Summary
Eli Lilly and Company (LLY) announced on May 26, 2015, through an 8-K filing, its entry into an Underwriting Agreement to issue and sell a significant aggregate principal amount of Euro-denominated notes. This issuance includes €600,000,000 in 1.000% Notes due 2022, €750,000,000 in 1.625% Notes due 2026, and €750,000,000 in 2.125% Notes due 2030, totaling €2.1 billion. These notes are being issued under an existing indenture and are registered on a Form S-3. The anticipated closing date for the offering is June 2, 2015, with expected net proceeds of approximately €2,072,719,500 after underwriter discounts. This action indicates Lilly's strategy to access capital markets, potentially to fund operations, investments, or acquisitions, while diversifying its debt structure with long-term, fixed-rate Euro-denominated debt.
Key Highlights
- 1Eli Lilly issued €2.1 billion in senior notes across three tranches: 1.000% Notes due 2022 (€600M), 1.625% Notes due 2026 (€750M), and 2.125% Notes due 2030 (€750M).

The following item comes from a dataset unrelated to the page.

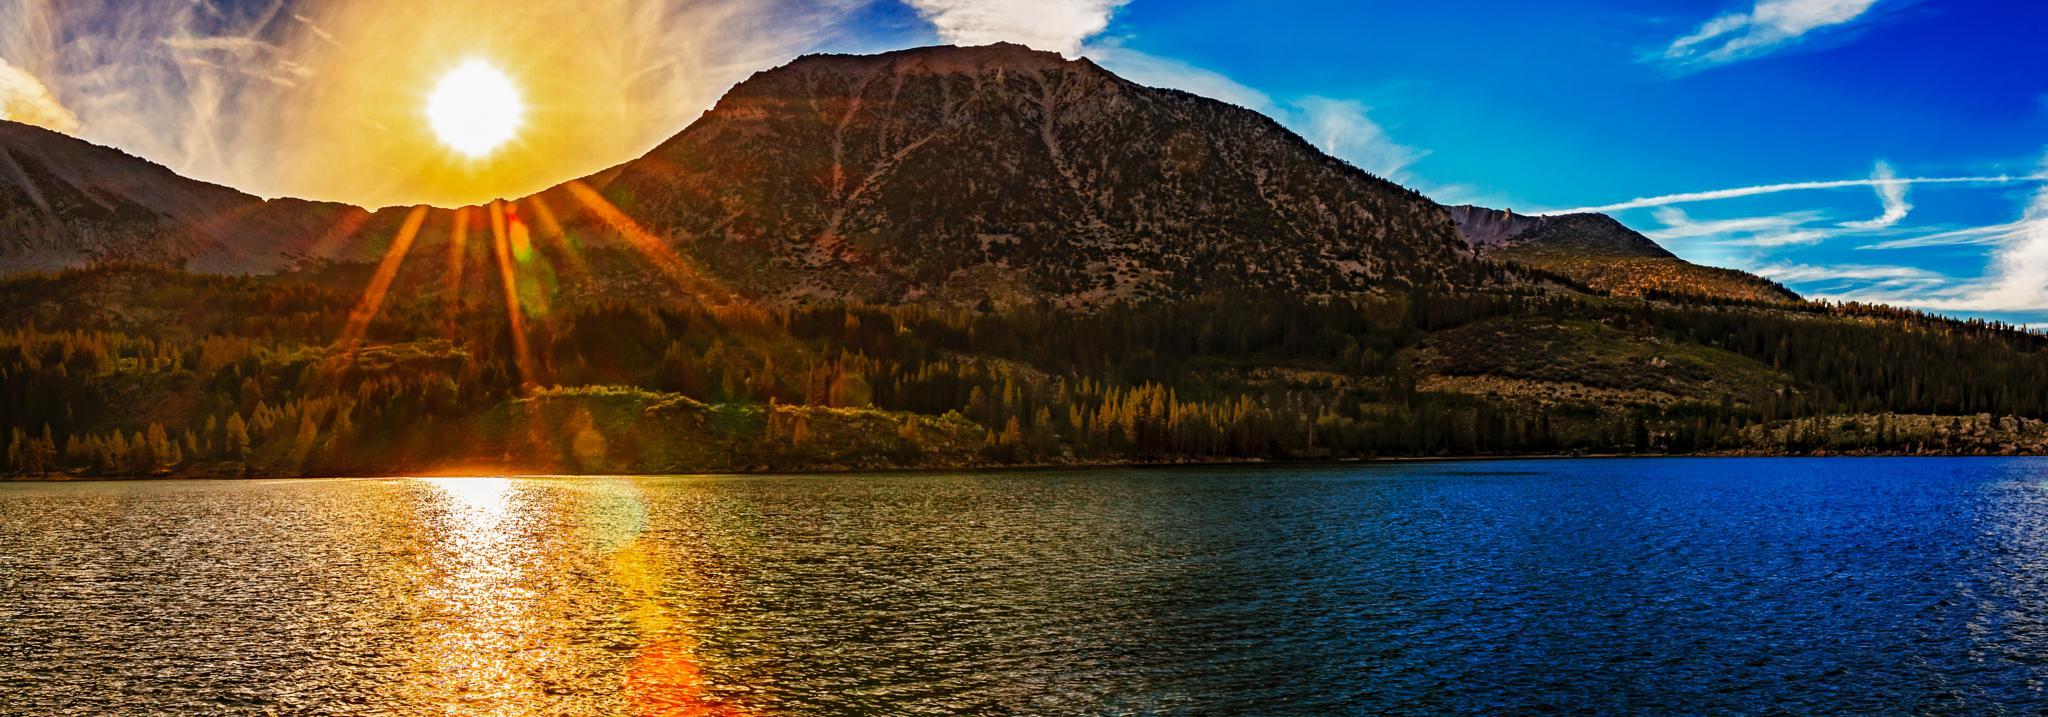 rock creek lake sunset by hugh.mobley.946

- 2The offering is expected to close on June 2, 2015.
- 3The company anticipates net proceeds of approximately €2,072,719,500 after underwriter discounts.
- 4The issuance was registered on a Form S-3 filing, indicating a standard capital markets transaction.
- 5The notes are governed by an existing Indenture dated February 1, 1991, with Deutsche Bank Trust Company Americas as successor trustee.
- 6Lilly has the option to redeem the notes under certain conditions, including tax events or events of default.
- 7This move demonstrates Lilly's proactive capital management and access to international debt markets.